The dataset was created to facilitate and validate this new framework. That said, we absolutely agree that the dataset itself is a valuable contribution that will benefit the community.

We are fully committed to open-sourcing all our contributions, including all datasets, upon acceptance. We believe that sharing these resources is crucial for fostering reproducible research and accelerating progress in the field.

Our comprehensive release is planned to include:

  • The Complete Datasets: This includes the full LaionAesthetics-GoT, JourneyDB-GoT, FLUX-GoT, and OmniEdit-GoT datasets, encompassing over 9 million examples.
  • All Data Components: For each example, we will provide the source prompt, the target image, and crucially, the structured GoT reasoning chain.
  • Code and Models: To ensure full reproducibility, we will also release our full source code and the pre-trained model weights.

To affirm our long-standing commitment to this, we would like to gently highlight that this intention was stated in our original submission in the Abstract (Line 21).


We trust these detailed explanations and new experimental results have fully addressed the reviewer's concerns.

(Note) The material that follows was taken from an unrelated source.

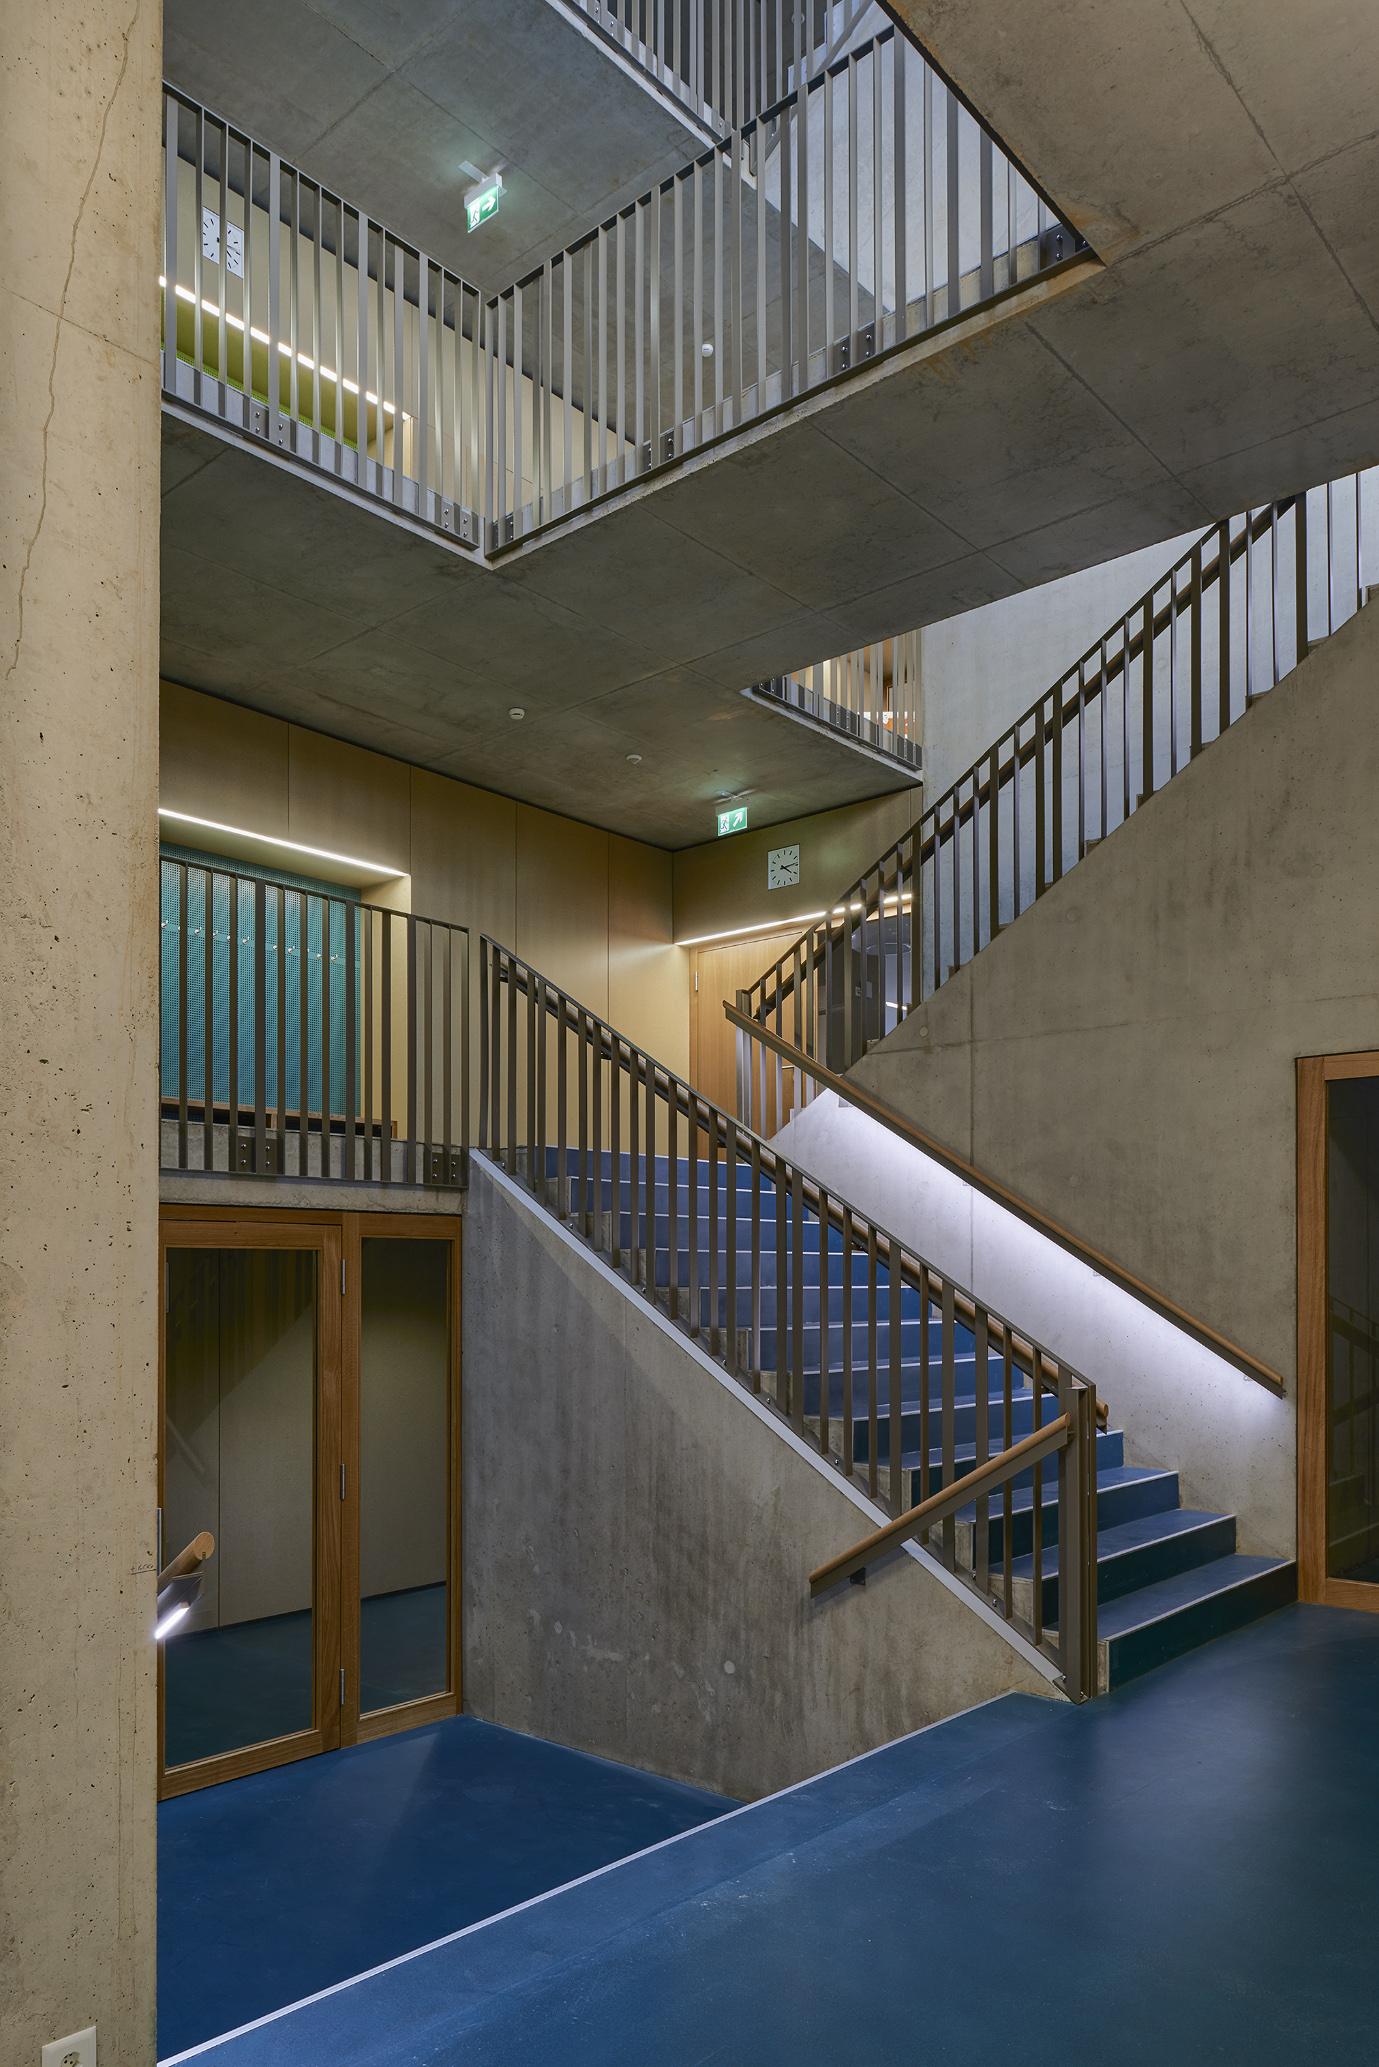 dettling péléraux architectes_003.jpg

We will revise the manuscript to integrate these clarifications, particularly in the methodology and ablation study sections.

评论

Dear Reviewer,

Thank you for your time and insightful feedback on our submission. We have carefully addressed all concerns raised in our rebuttal and appreciate your valuable guidance. As the discussion phase nears its end, we kindly ask if our responses have adequately resolved your concerns. We are happy to provide any further details needed. Thank you again for your thoughtful review.

Best regards,

The Authors

最终决定

This paper introduces generation chain of thought (GoT). This is a new paradigm for visual synthesis where a Multimodal Large Language Model (MLLM) first generates an explicit, structured reasoning chain before any image is created. This chain details semantic relationships, object attributes, and precise spatial coordinates. This reasoning output then guides a diffusion model via a Semantic-Spatial Guidance Module (SSGM) in an end-to-end framework. The authors' central claim is that this reasoning-first approach improves performance on complex compositional generation and editing tasks, supported by a new dataset of over 9 million reasoning-annotated samples.

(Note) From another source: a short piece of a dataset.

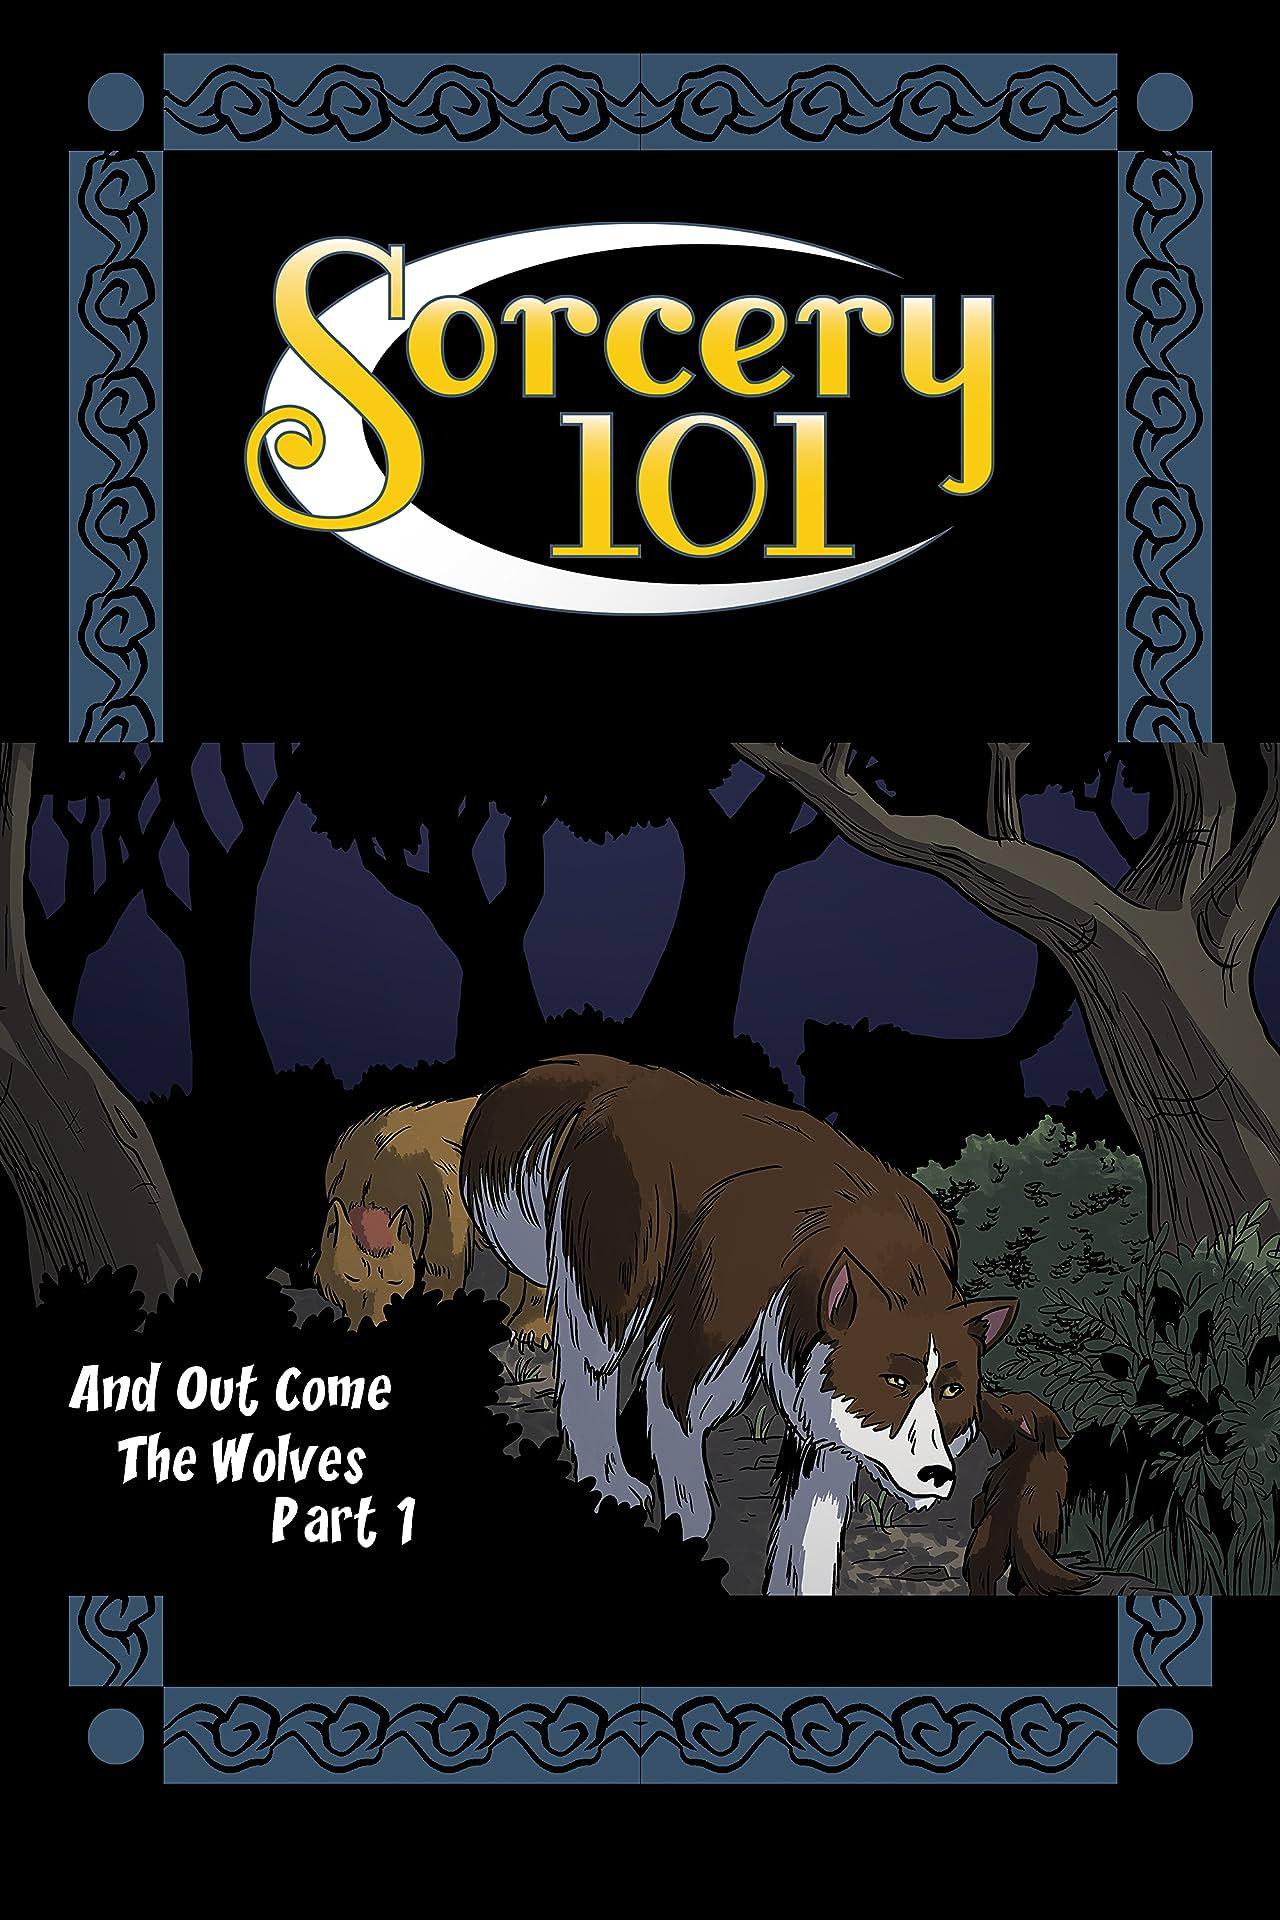 Sorcery 101 #14

In terms of strengths, reviewers noted the original conceptual contribution of the work in tackling complex compositional generation (YwDX, oQpg). Another noted contribution is the creation of a large scale dataset with detailed reasoning chains (mkjA, YwDX, oQpg). Finally, the work was commended for its strong execution, achieving SOTA empirical results on both generation and editing tasks (mkjA, oQpg, YwDX).

As for weaknesses, concerns centered on evaluation and novelty. Reviewers mkjA and oQpg found the ablation study's design not convincing, arguing it didn't isolate the impact of the proposed approach from the dataset. Reviewer oQpg also noted the missing comparison to RPG. Reviewer mkjA also questioned the novelty, comparing the approach to existing prompt engineering techniques, suggesting the gains might primarily come from the new dataset.

The authors' rebuttal was effective, clarifying the ablation study's fairness and adding a new SOTA baseline (RPG) that showed a 27% performance gain. This resolved most concerns. However, Reviewer YwDX, kept their score because the paper's claim of being modular and easily extendable to other backbones was not supported by experimental evidence. While the authors provided a technical explanation, this lack of empirical proof on other architectures is a valid limitation. Reviewer mkjA also noted a missing ablation that would reveal if an end2end-trained latent embedding is really necessary. The AC urges the authors to adress remaining concerns.

Overall, the AC finds the work's contribution interesting and potentially impactful, introducing a novel paradigm and a dataset that will be useful for the community. The author's rebuttal addressed most concerns, and a unanimous positive consensus was achieved by the reviewers. The AC finds the paper passes the bar for acceptance.